Our patterdale stud dog managed to mate our Rottweiler bitch, we have no idea how as in the 4 years we've had him he's never managed before, he must hav caught her lying down, we had no idea she was in pup until the day she gave birth! She had 4 but 2 faded and died and a 3rd was stillborn.
Yeti was tiny actually smaller than a terrier pup but she latched on and fed and kept feeding, she definitely had that fighting spirit, and although mum is very clumsy she managed not to lie on her. Jade always mothers the patterdale pups when we have a litter, she she is a proper softie but we have never bred from her as she has a restriction on her pedigree papers!!

Here is Yeti, she is a bit taller than a standard Patterdale and although she does have a strong Rottie type head she is very athletically built and extremely fast. We could never have sold her as we were too intrigued at what she would end up like, she is lovely and has the most fab temperament, but then so have both the parents!
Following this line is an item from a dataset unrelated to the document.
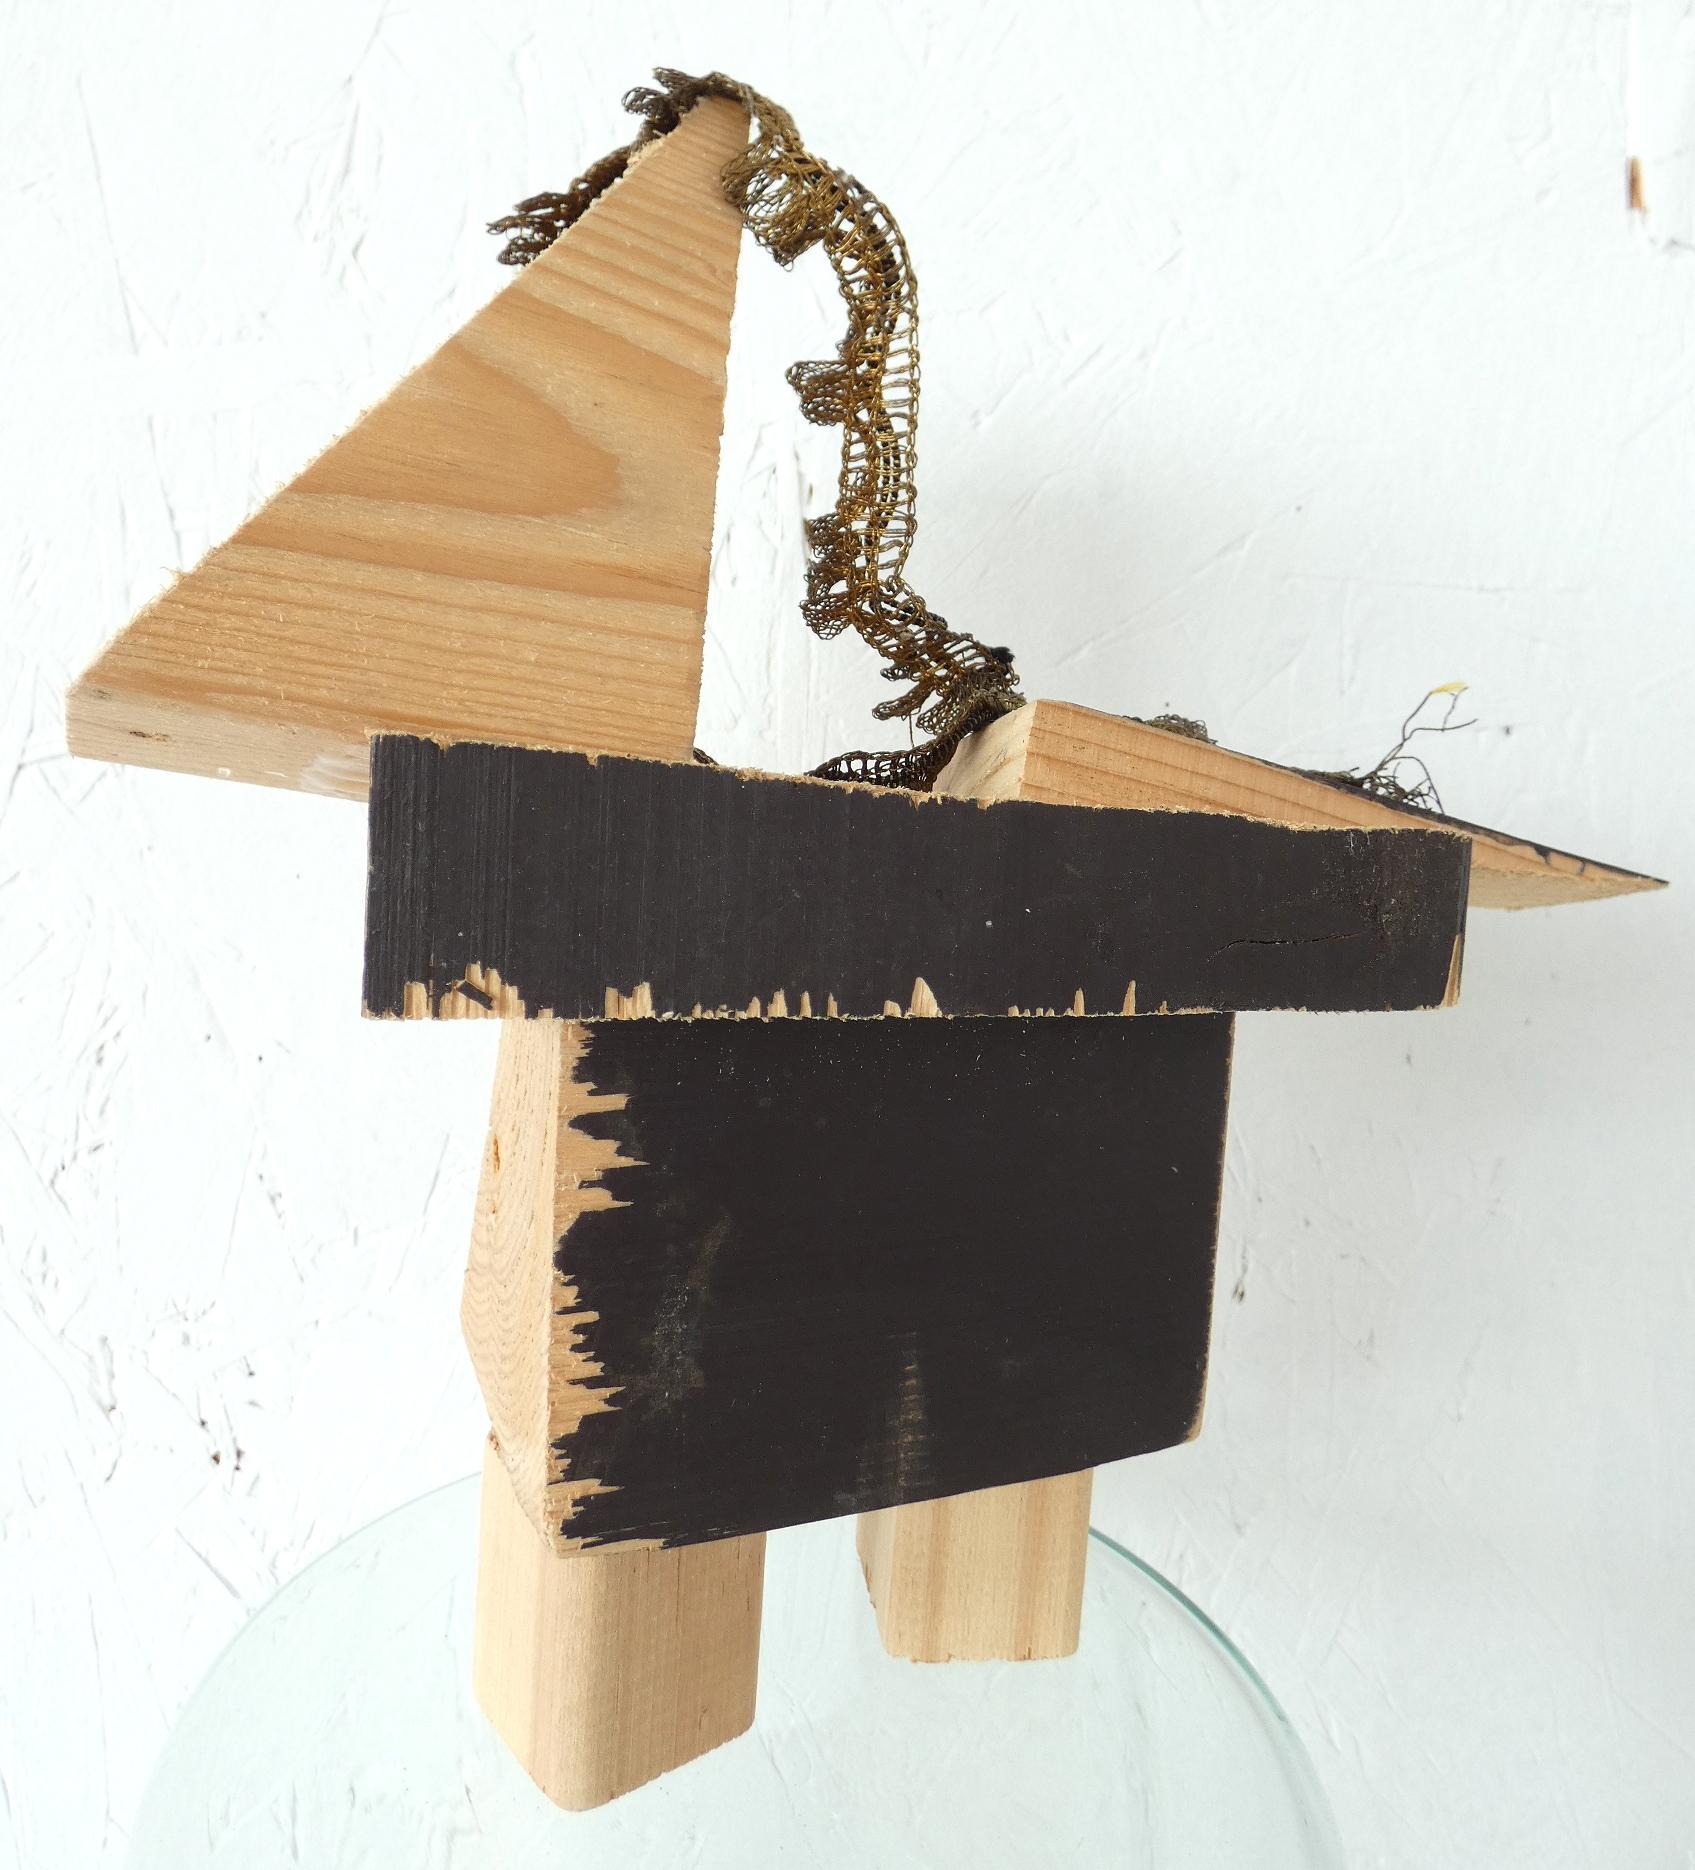 Antiek paardje, antique horse, kunstbeeld, artwork, artlovers, hout, gouden kant, kunst kopen, mixed media, sculptuur, kunstenaar Wietske Lycklama à Nijeholt
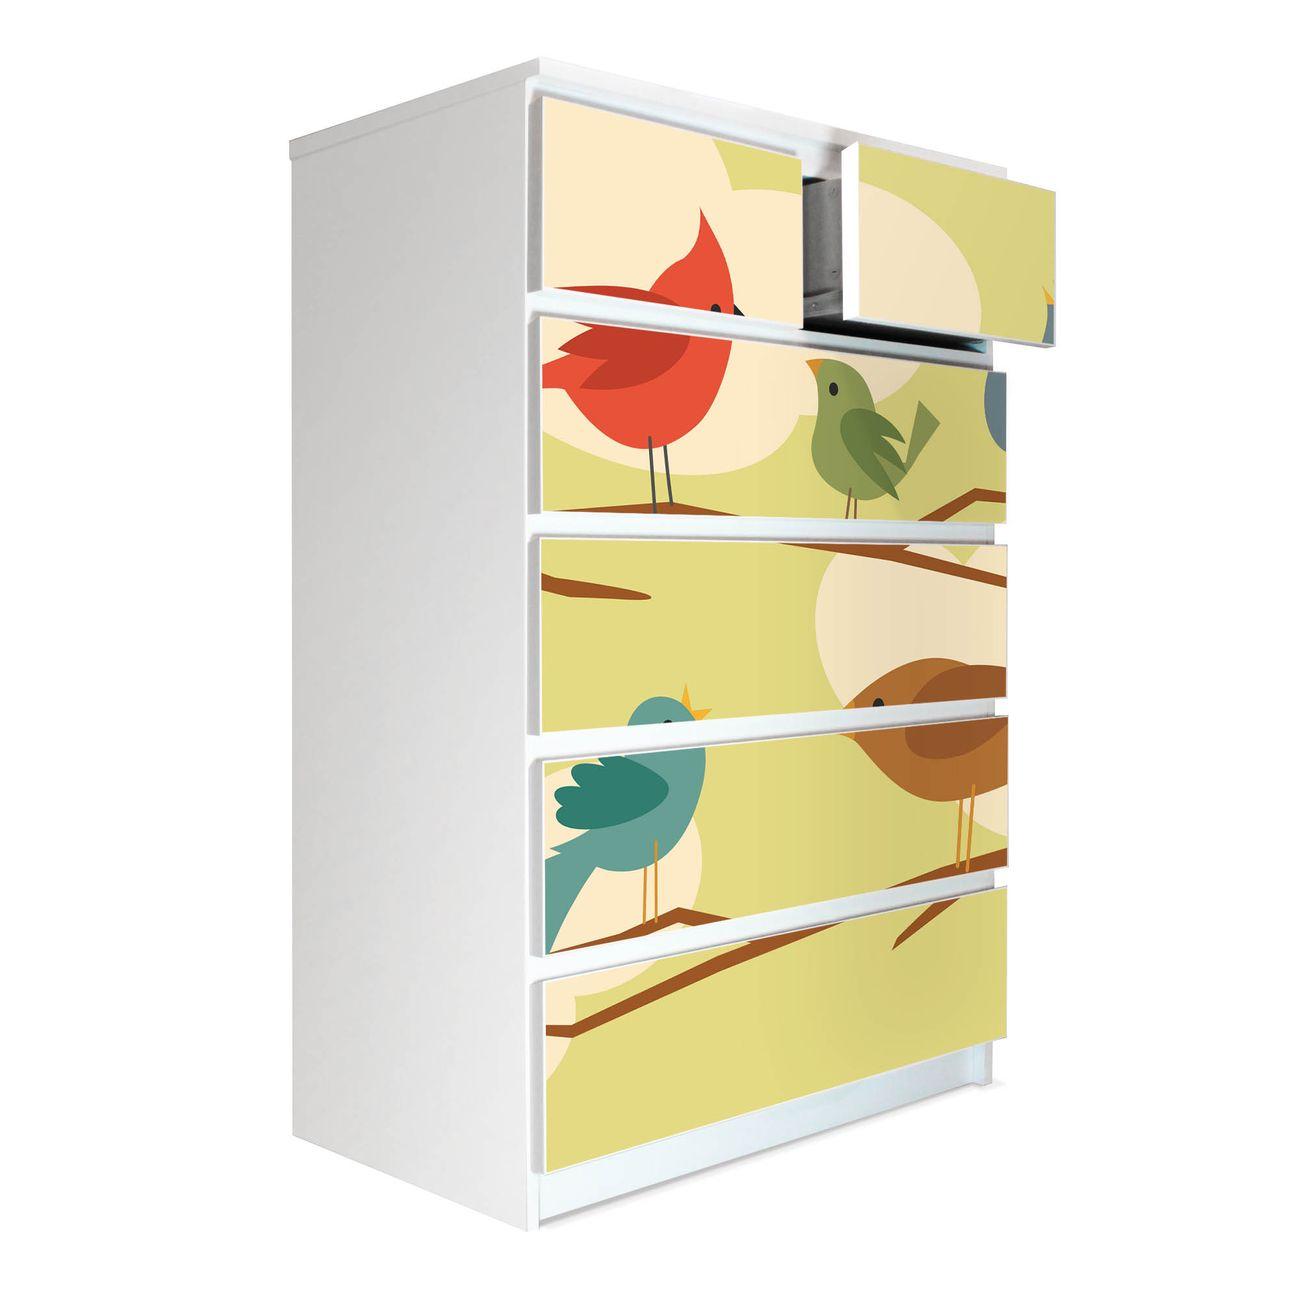 Möbelsticker für Ikea MALM Motiv Fünf Vögel

She's 3 and a half months old in this photo.


----------



## KarynK (24 January 2011)

celfyddydau said:



			Bichon Noir anyone?

http://www.preloved.co.uk/fuseaction-adverts.showadvert/index-1033102561/ba768270.html

No idea how this is a rare and unique breed,let alone how the pups come with 5 generation pedigrees when mum is a Bichon and dad a poodle.
		
Click to expand...

Anyone notice the report facility to the right of the Add?  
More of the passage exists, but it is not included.